Jadi orang Minangkabau sangat dianjurkan untuk selalu belajar dari orang-orang sukses. Meneladani hal yang baik dari seseorang. Harapannya, agar setiap orang Minangkabau dapat pula menjadi orang-orang yang sukses dan menjadi orang-orang yang baik. Begitu pula dengan hal yang tidak baik. Hal yang tidak baik biasanya juga akan menimbulkan hal yang tidak baik pula. Maka hal itu harus menjadi peringatan, jangan sampai bencana itu menimpa kita.
4. Adat Bacupak Jo Bagantang
Adat bacupak jo bagantang (Bercupak bergantang) maksudnya setiap nagari harus mempunyai ukuran dan ketentuan-ketentuan tertentu. Harus memiliki aturan yang jelas. Misalnya dalam menentukan hukuman sebuah kesalahan dan sebagainya. Hal ini agar keadilan bisa ditegakkan di dalam nagari. seperti dituturkan kata-kata adat berikut :
Tumbuah di silang jo salisiah atau dakwa nan jo jawab, hukum mahukum dalam kampuang, mahukum adia, bakato bana, indak buliah bapihak-pihak.
5. Adat Bajikok Bajikalo
Adat bajikok bajikalo (berjika berjikalau) mengisyaratkan agar kandungan adat harus menuntun masyarakat pada kearifan. Adat dapat menuntun seseorang hidup bertenggang rasa didalam masyarakat. Bertoleransi dengan keberadaan pihak-pihak lain. Jelas disini adat Minangkabau bukan sekedar menganjurkan hidup secara bertoleransi. Namun masyarakat harus memiliki pemikiran yang jauh didepan tentang sebab akibat. Untuk ini setiap pribadi dalam masyarakat harus memiliki perasaan yang halus, dan terbiasa untuk berempati (memikirkan perasaan dan pikiran orang lain). Kearifan yang perlu dimiliki ini di isyaratkan dalam kata-kata adat berikut :
Syariat palu-mamalu. dunia baleh mambaleh, imbau biaso basauti, panggie biaso baturuti, hawa nan pantang karandahan, nafsu nan pantang kakurangan.
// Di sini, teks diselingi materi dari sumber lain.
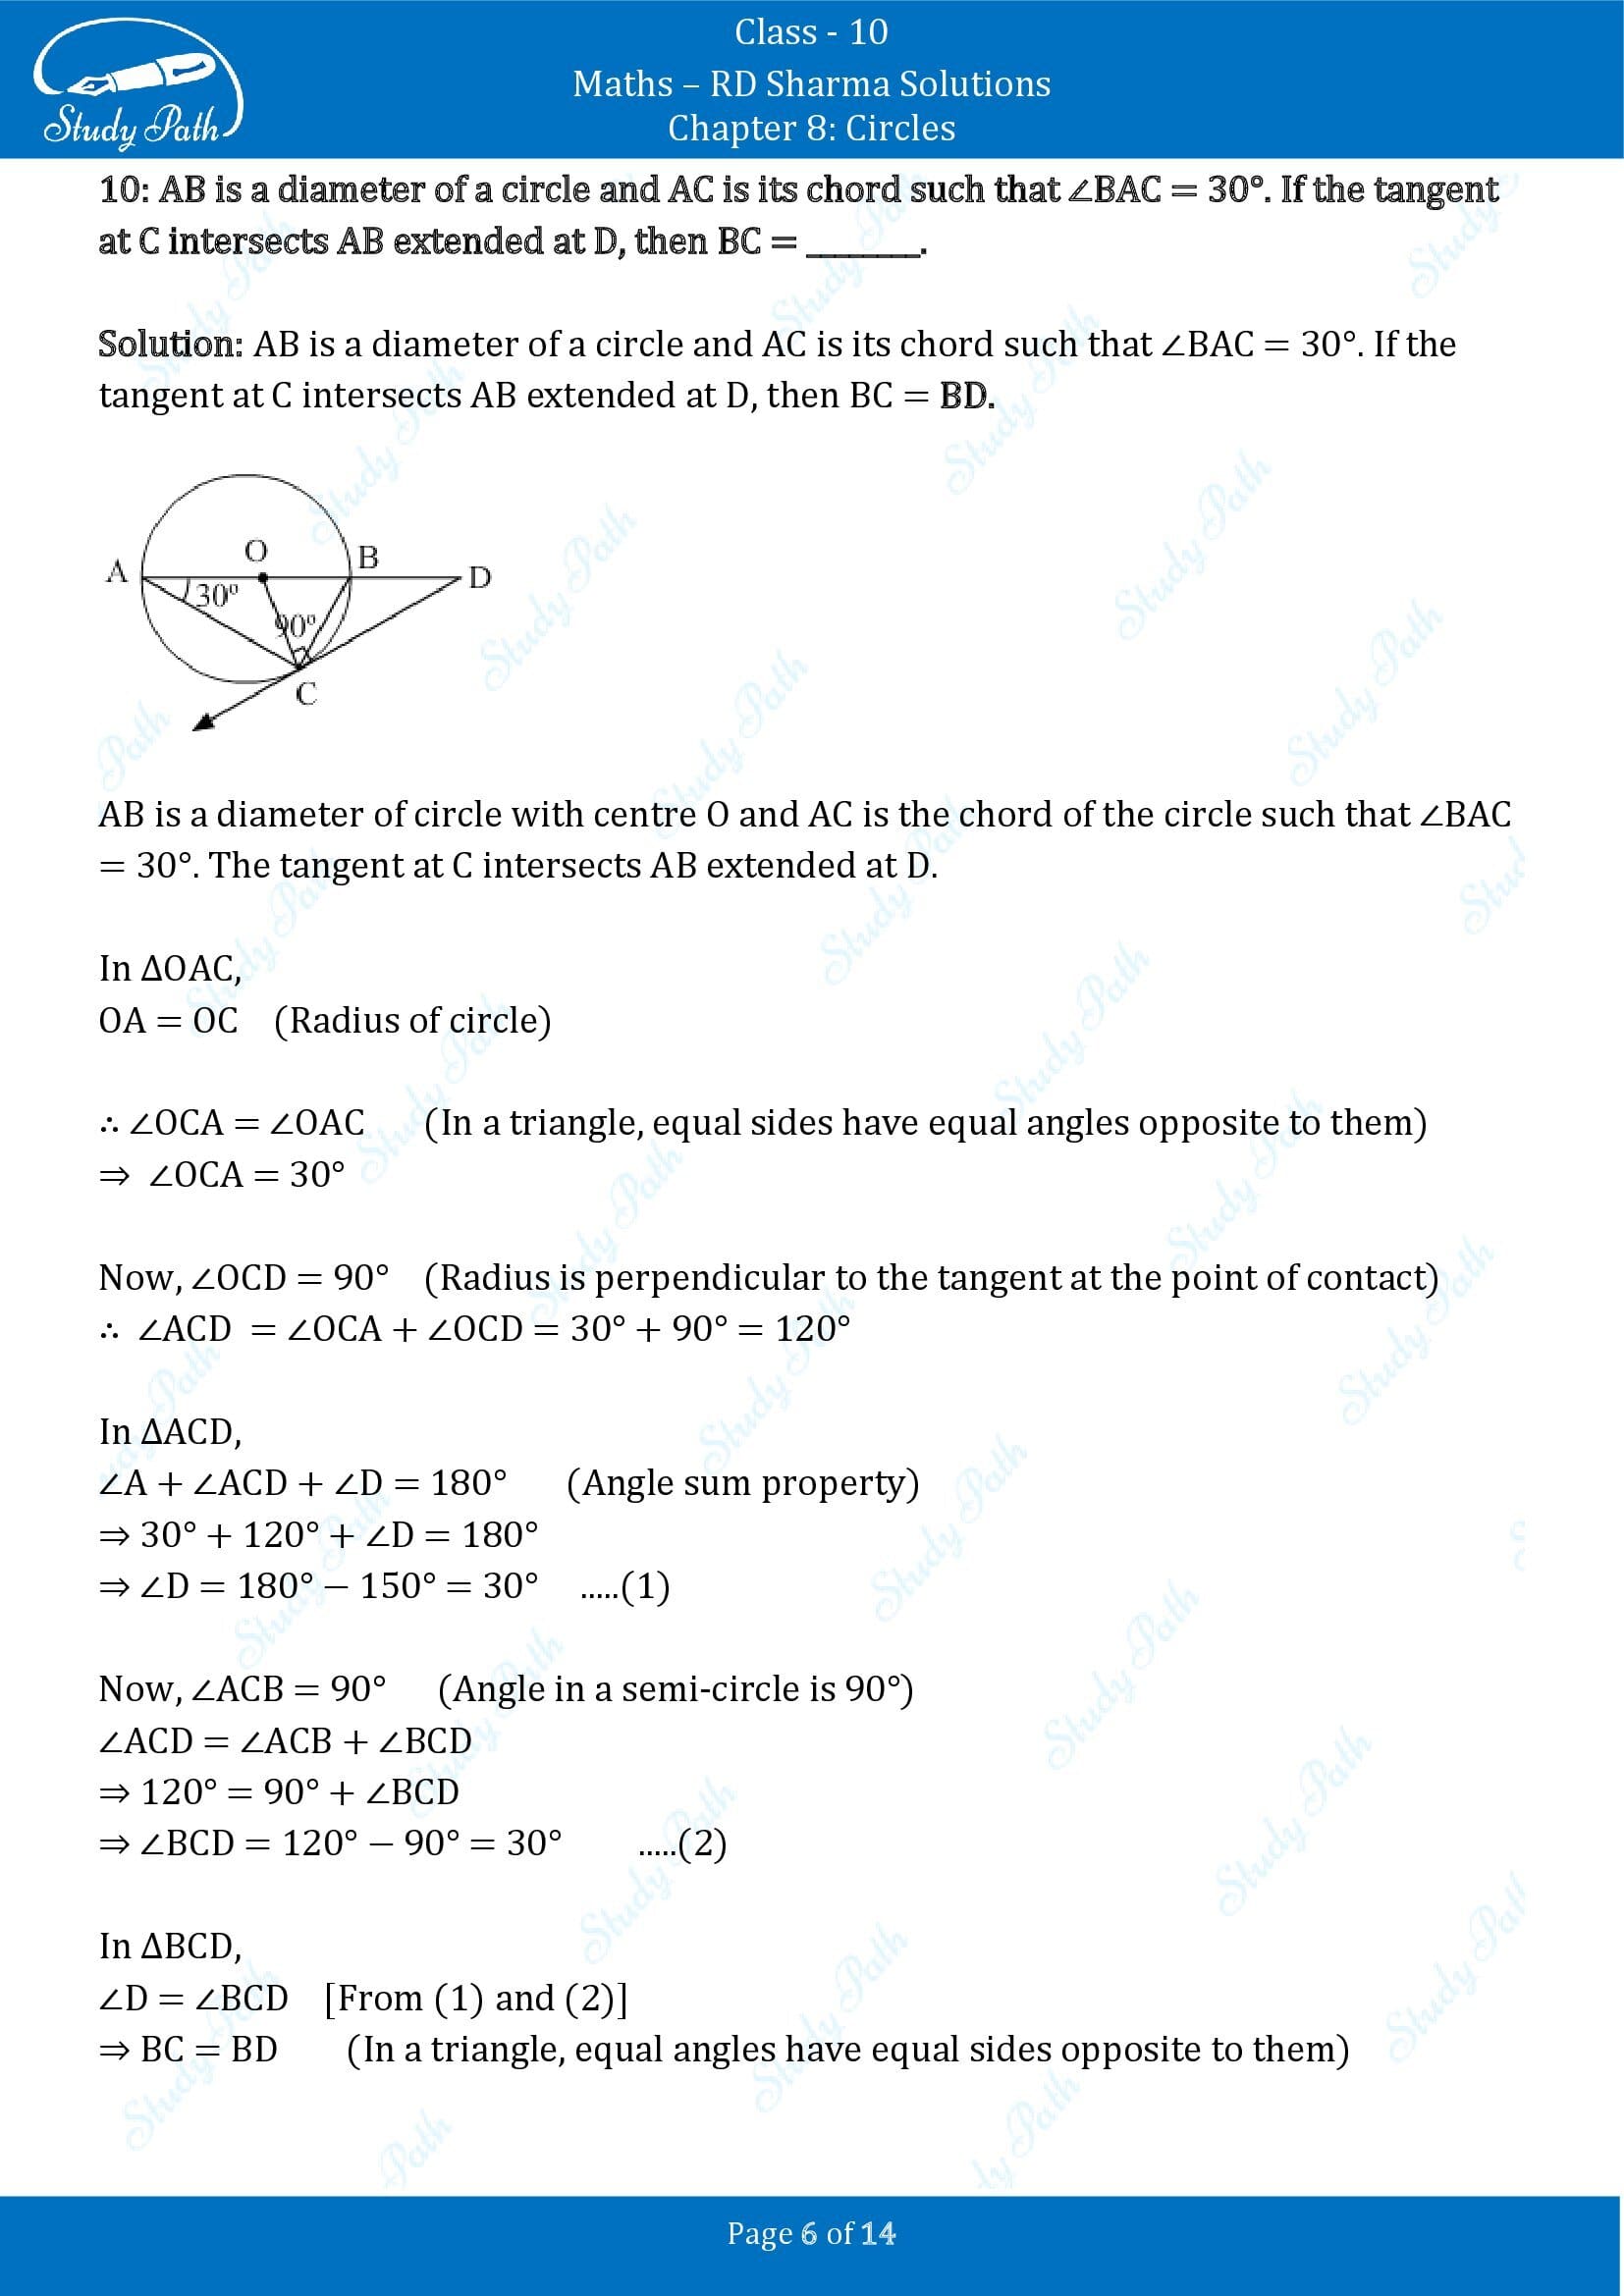 RD Sharma Solutions Class 10 Chapter 8 Circles Fill in the Blank Type Questions FBQs 00006

Terlihat disini bahwa adat bermasyarakat yang digariskan oleh nenek moyang orang Minangkabau adalh adat yang penuh dengan suasana kebersamaan. Setiap pribadi harus memaklumi kodrat manusia dan kecendrungan sifatnya. Setiap pribadi harus bisa menjaga perasaan pribadi lainnya. Seperti dikatakan elok dek awak, katuju dek urang (baik bagi kita, disenangi oleh orang lain).
6. Adat Banazar
Adat banazar digariskan oleh Datuak Katumanggungan dan Datuak Parpatiah Nan Sabatang. Bila kita bernazar tidak diperhatikan, maka hubungan bermasyarakat bisa terganggu. Adat bernazar memelihara janji-janji dan niat yang telah di ikrarkan. Disini juga mencakup memelihara sopan santun dalam pergaulan. Jadi adat Minangkabau telah menggariskan agar setiap orang Minangkabau melakukan sesuatu sesuai dengan yang seharusnya. Tidak boleh berlebih-lebihan dan tidak boleh menguranginya. Ereng dengan gendeng, basa-basi, mudarat dan manfaat, awal dan akhir harus menjadi perhatian dalam pergaulan.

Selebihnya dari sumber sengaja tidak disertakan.